Lautsprecherdurchsagen hallen durch den Bahnhof. Bahnangestellt und Polizisten eilen zum Bahnsteig, wo das Unglück geschehen ist. Doch die Menschenmaßen, die von anderen Geleisen kommen und zu Zügen hetzen, kümmern sich um nichts, schauen weder links noch rechts – nicht ahnend, was da grad geschehen ist.
Hanna-Sieglinde ist schon auf der Autobahn als im Radio eine erste Meldung über den Unfall kommt. Im Bahnhof hätte sich eine Frau vor einen einfahrenden ICE gestürzt. Auch Horst-Detlev hört diese Meldung, während er in seinem Auto in eine andere Richtung unterwegs ist.
Stunden später, in den Abendnachrichten, dann die Schlagzeile: Frau B. die junge, aufstrebende Politikerin mit Ambitionen, hat sich vor den ICE gestürzt. Selbstmord! In einem Nebensatz wird erwähnt, dass der Zugverkehr beeinträchtig wurde, „wegen eines Personenschadens“, wie die Deutsche Bahn zu formulieren pflegt.
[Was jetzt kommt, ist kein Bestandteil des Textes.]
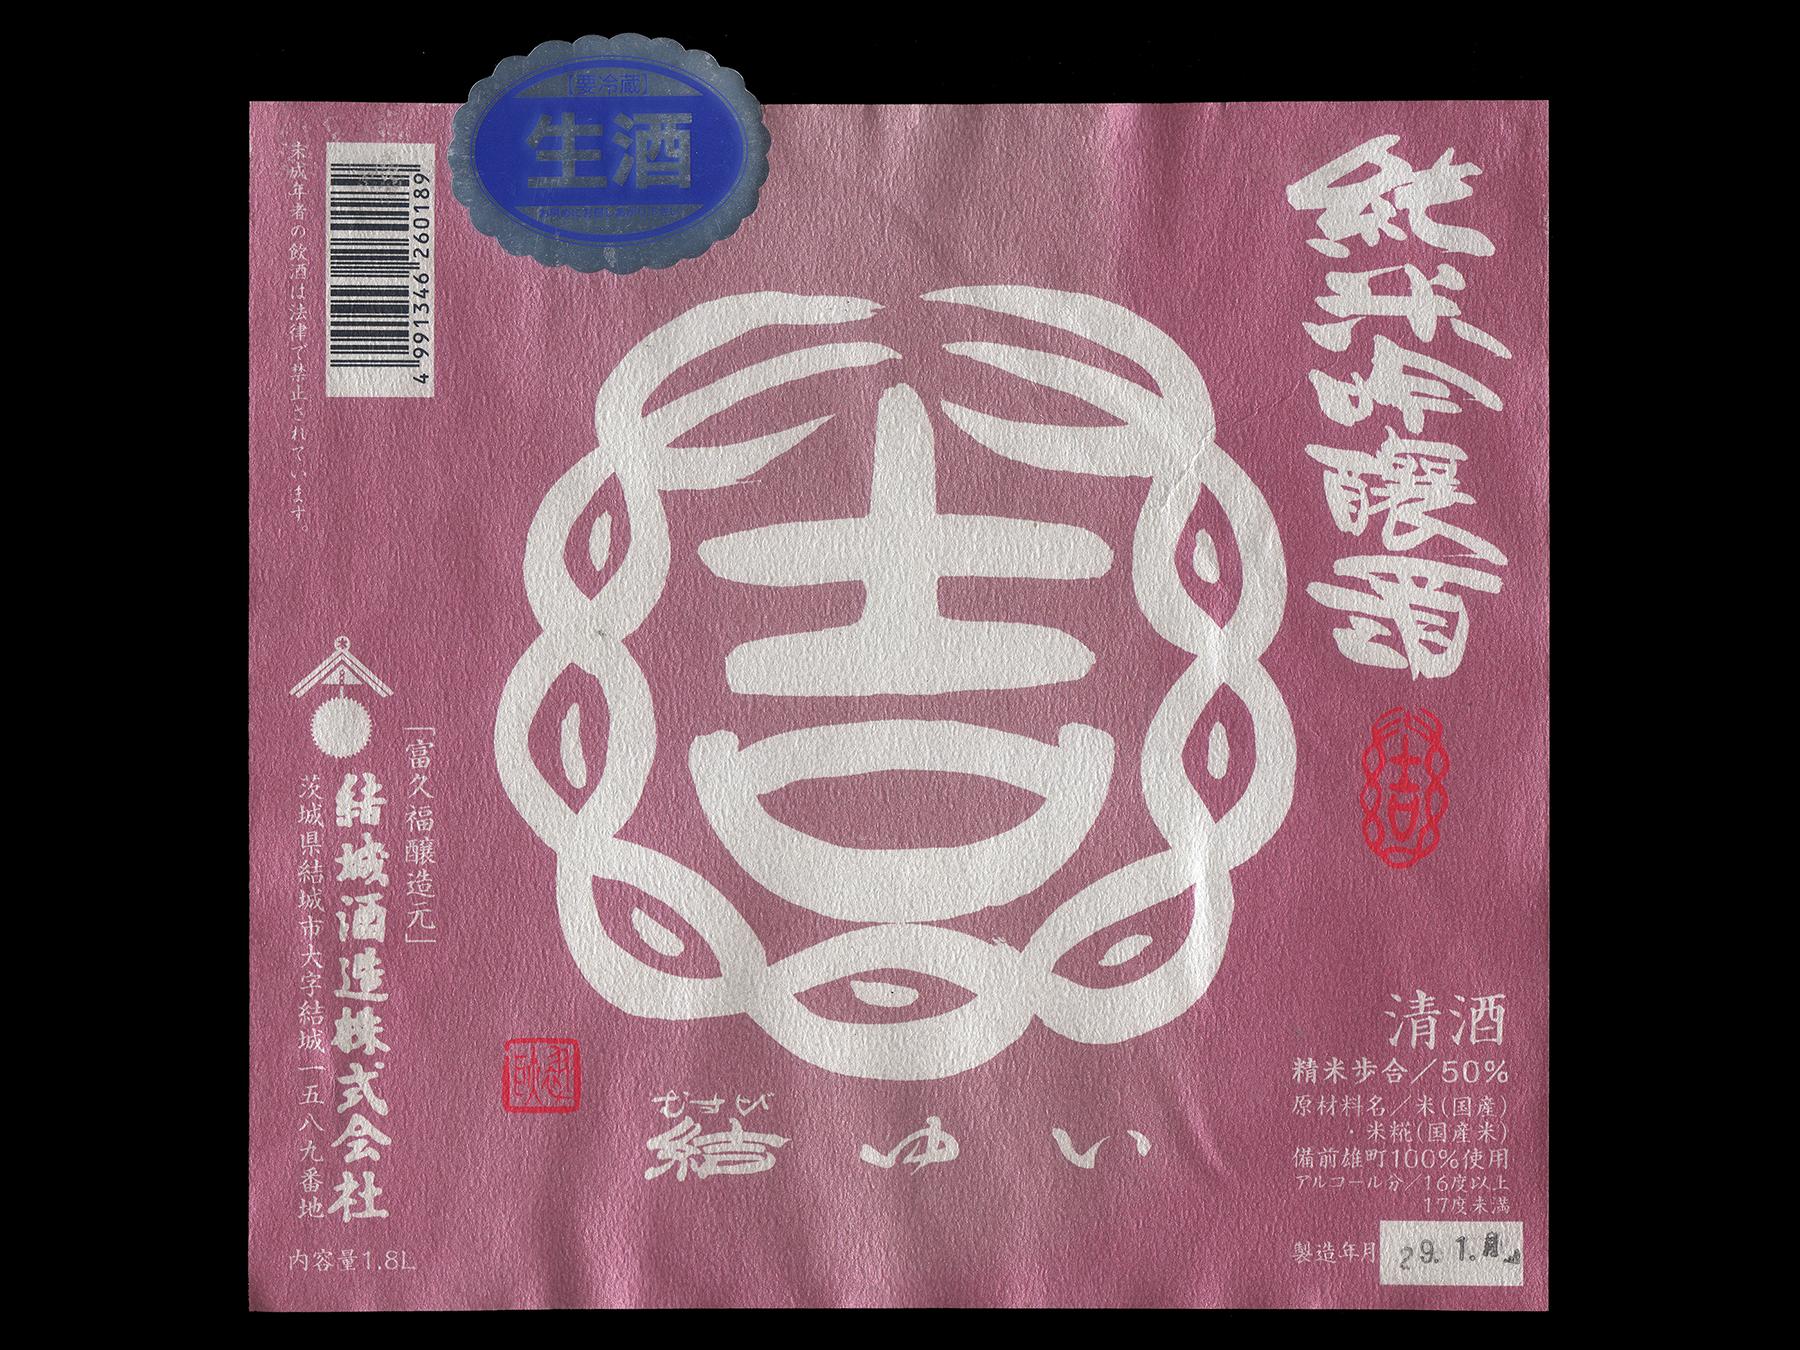 結ゆい(むすびゆい)「純米吟醸」備前雄町亀口直汲み無濾過生原酒ラベル
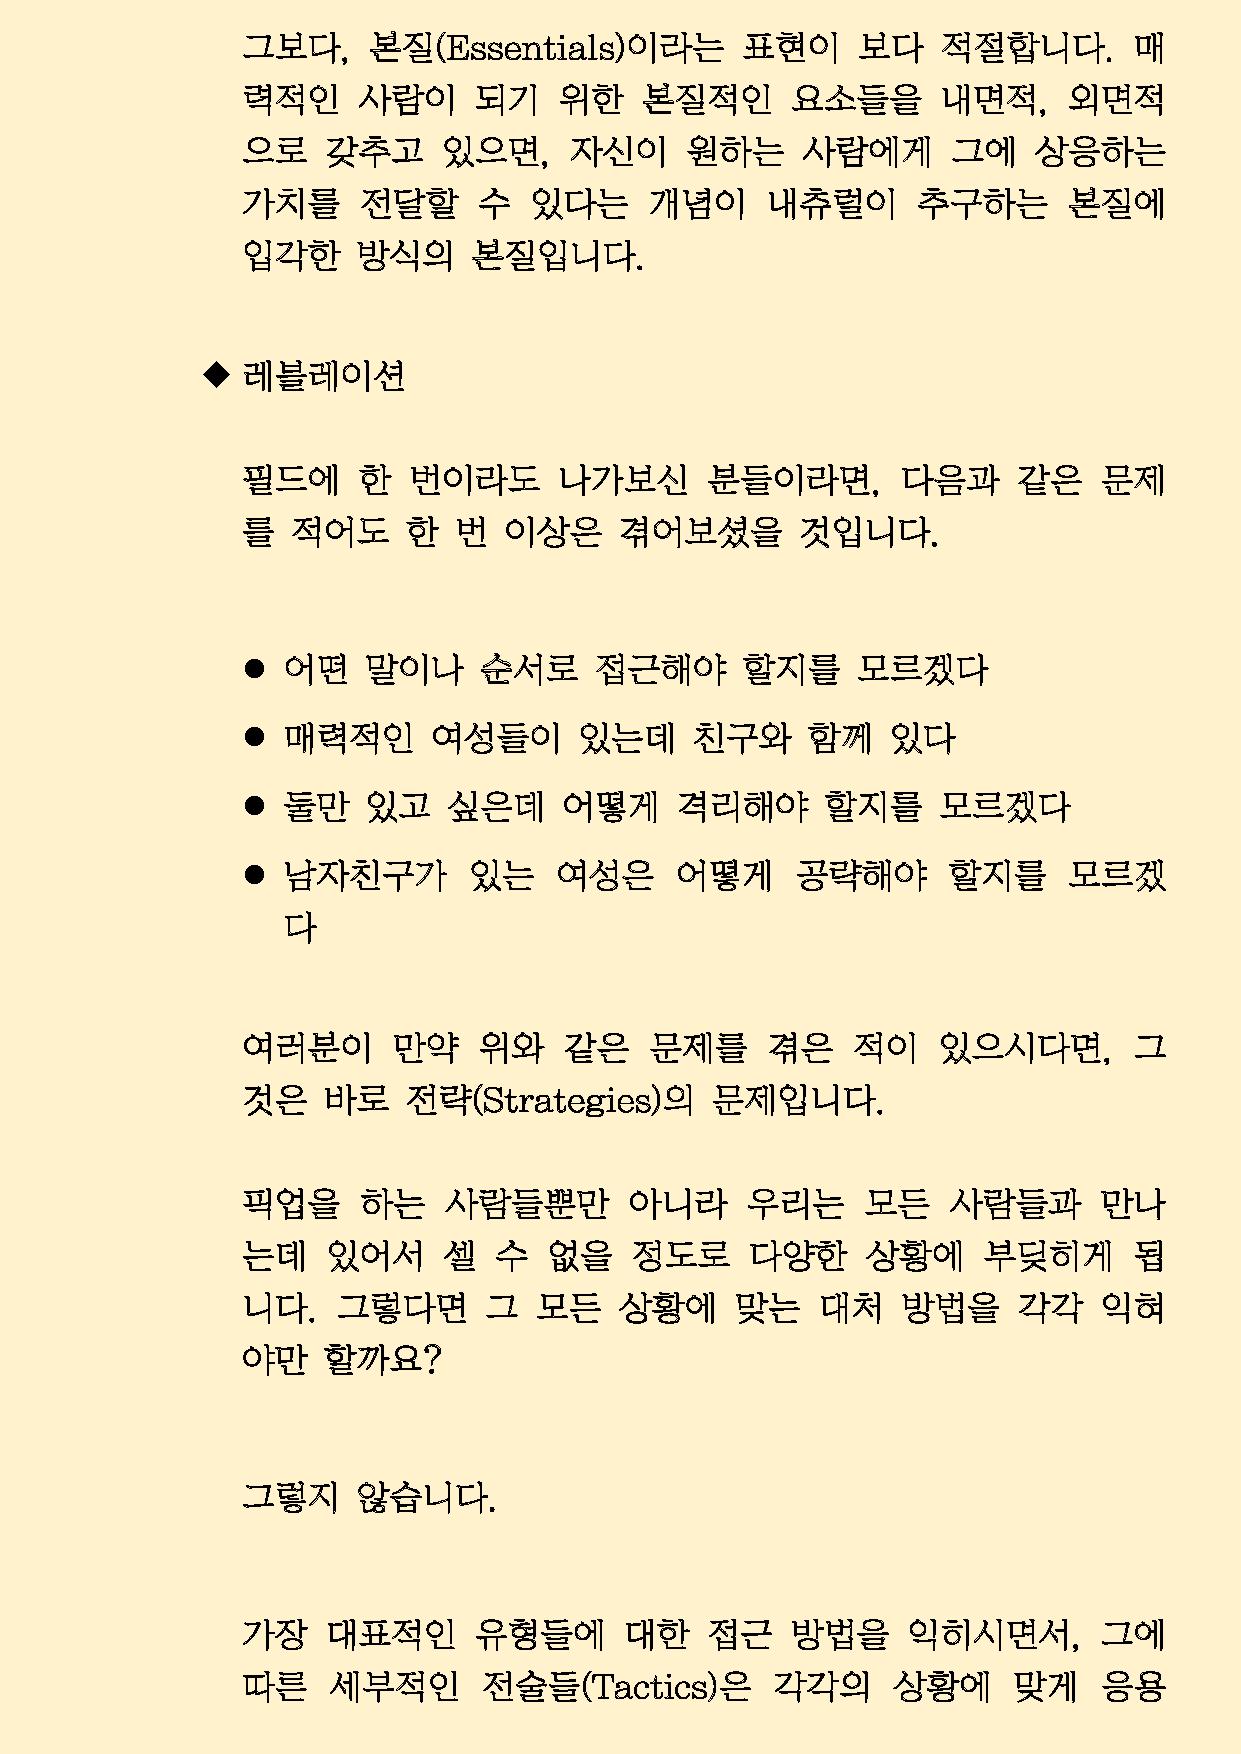 이용매뉴얼_Page_14.png

Später werden zum Tod von Frau B. Parteimitglieder und andere Politiker befragt. Die Bestürzung ist groß. Es wird immer wieder von einem großen Verlust gesprochen, von einer Politikerin mit Format und Chancen. Und auch Ambitionen. Ihre Gegner meinen, sie sei überfordert gewesen. Kein Wort, dass es kein Selbstmord sein könnte.
Nur in den Spätnachrichten folgt ein trockener Satz: die Kriminalpolizei ermittelt.